Baby love
ALUMNI | Bari Melker’s goal is to travel around the world delivering babies. The 2011 graduate of UD’s School of Nursing recently spent a year volunteering in South Africa, first in a safe house for abused and abandoned children and then in a small maternity hospital.
Now back in the U.S. to attend midwifery school, Melker is marking time until she can get on another overseas flight, maybe to South America.
But at some point, she will undoubtedly fit in another trip to South Africa so that she can reconnect with “her” baby, a little girl named Busi that Melker literally carried close to her heart for several months.
The story of Melker’s travels begins in October 2010, when she was a senior at UD and talked her way—long after the sign-up deadline—into a Winter Session study abroad program in South Africa, led by nursing instructor Lisa McBeth. Melker was assigned to work with children at New BeginningZ in Pretoria.
“Within the first minute of hearing Tahiyya [Hassim, founder of New BeginningZ] speak, I knew that my life was about to change forever,” Melker says. “On the plane back to Delaware at the end of the program, all I could think about was, ‘How am I going to get back there and work with her?’ She was so inspirational.”
After graduating and passing her boards, Melker worked as a nurse in New York for five months—just long enough to save the money she needed to get back to Pretoria, arriving at New BeginningZ in February 2012.
After about a month, Hassim handed her a premature newborn and said, “She’s all yours, Bari.” Because the infant was so tiny and fragile, Melker nurtured her using a method called Kangaroo Mother Care (KMC), in which the baby is carried on the mother’s chest and secured with a scarf-like wrap. The process helps tiny babies regulate their body temperature, and moving around with the mother helps with brain development.
“For almost three months, I had her right next to me, skin-to-skin, for 22 hours a day,” Melker says. “She was truly ‘my’ baby, even as I continued to work at the safe house caring for other babies and children.”
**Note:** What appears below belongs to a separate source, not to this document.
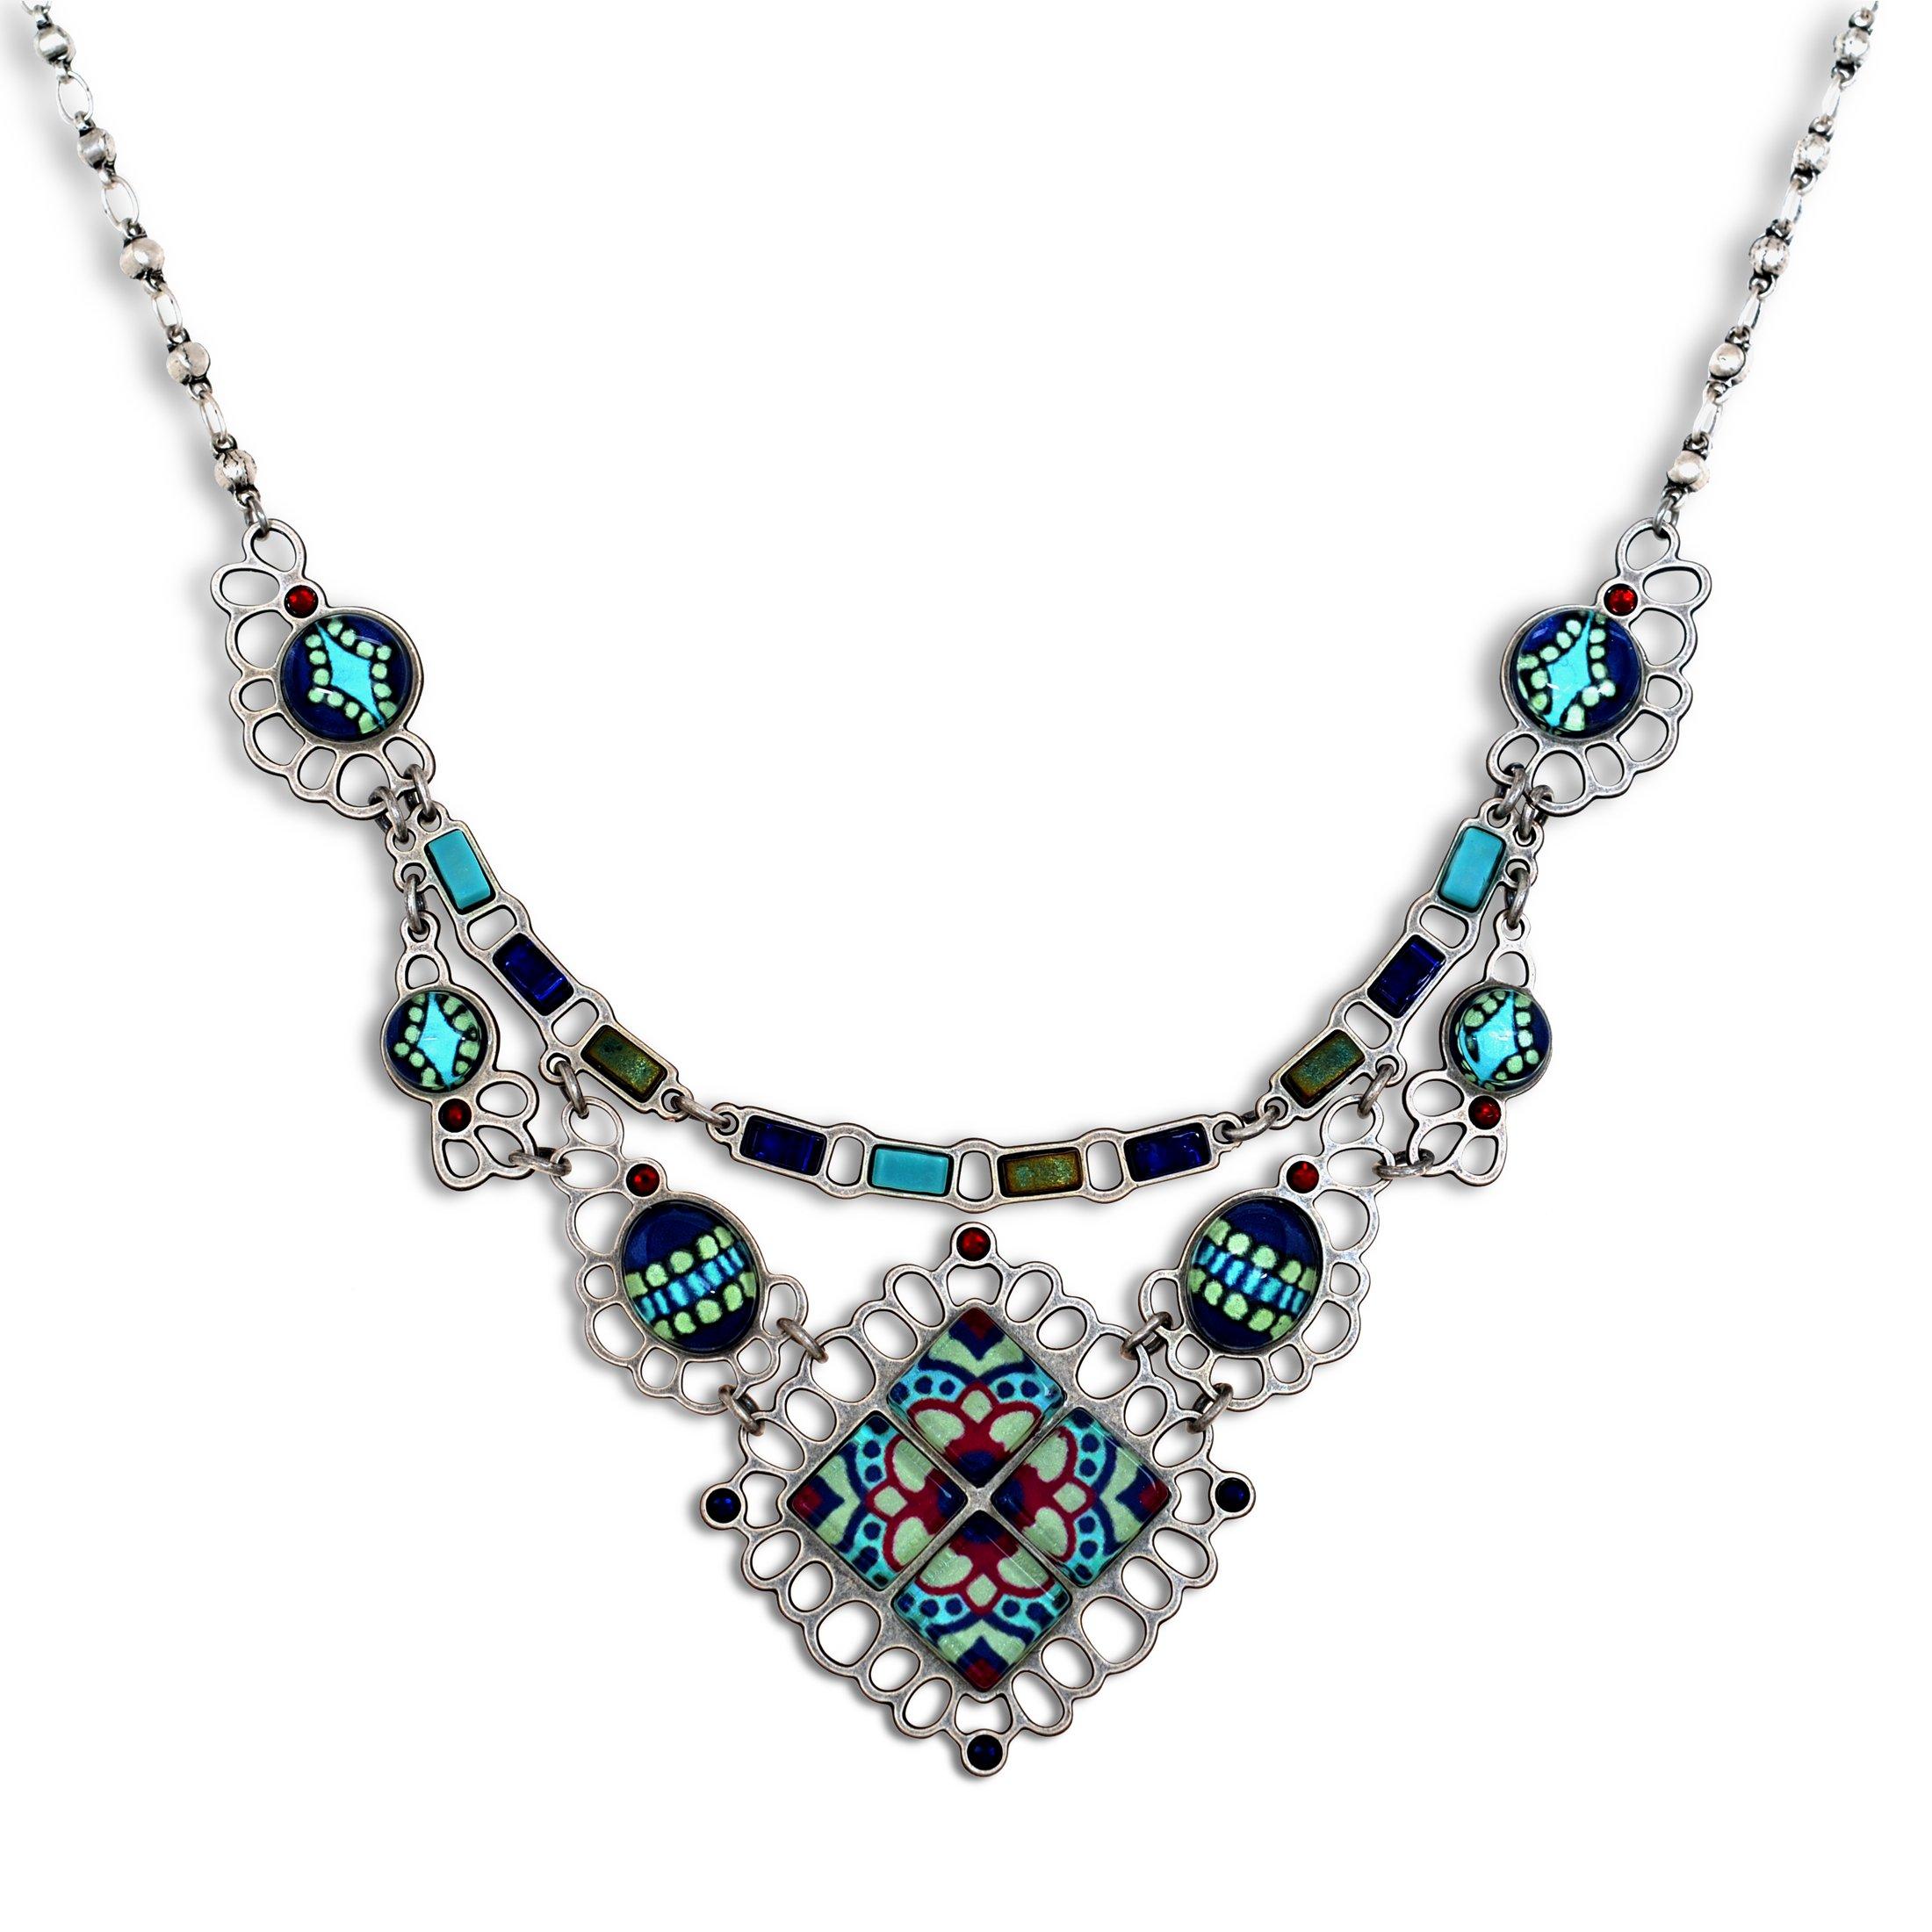 The Artazia Collection Artazia's Aegean-Sea Fashion Necklace, Spring-Summer - N4509

But eventually Melker had to leave Busi, as the young nurse had committed to working in a maternity hospital in Cape Town for her second six months in South Africa. There, she worked in labor and delivery, volunteered in the neonatal intensive care unit and taught KMC. When McBeth brought her 2013 study abroad group to the hospital, Melker realized that she loved teaching and was inspired to go back to school herself.
Meanwhile, she will always have a tie to South Africa through Busi, who was adopted by a nurse who wants to maintain her baby’s bond with Melker.
“She sent me pictures of Busi’s first birthday party in February,” Melker says. “She’s an amazing mom who’s going to give this little girl an amazing life.”
Article by Diane Kukich, AS73, 84M
Note: Lisa McBeth has touched many lives herself, including those of the students she has taken to South Africa and Peru over the past three years. In 2012, their nominations resulted in her selection as UD’s first Study Abroad Faculty Director of the Year.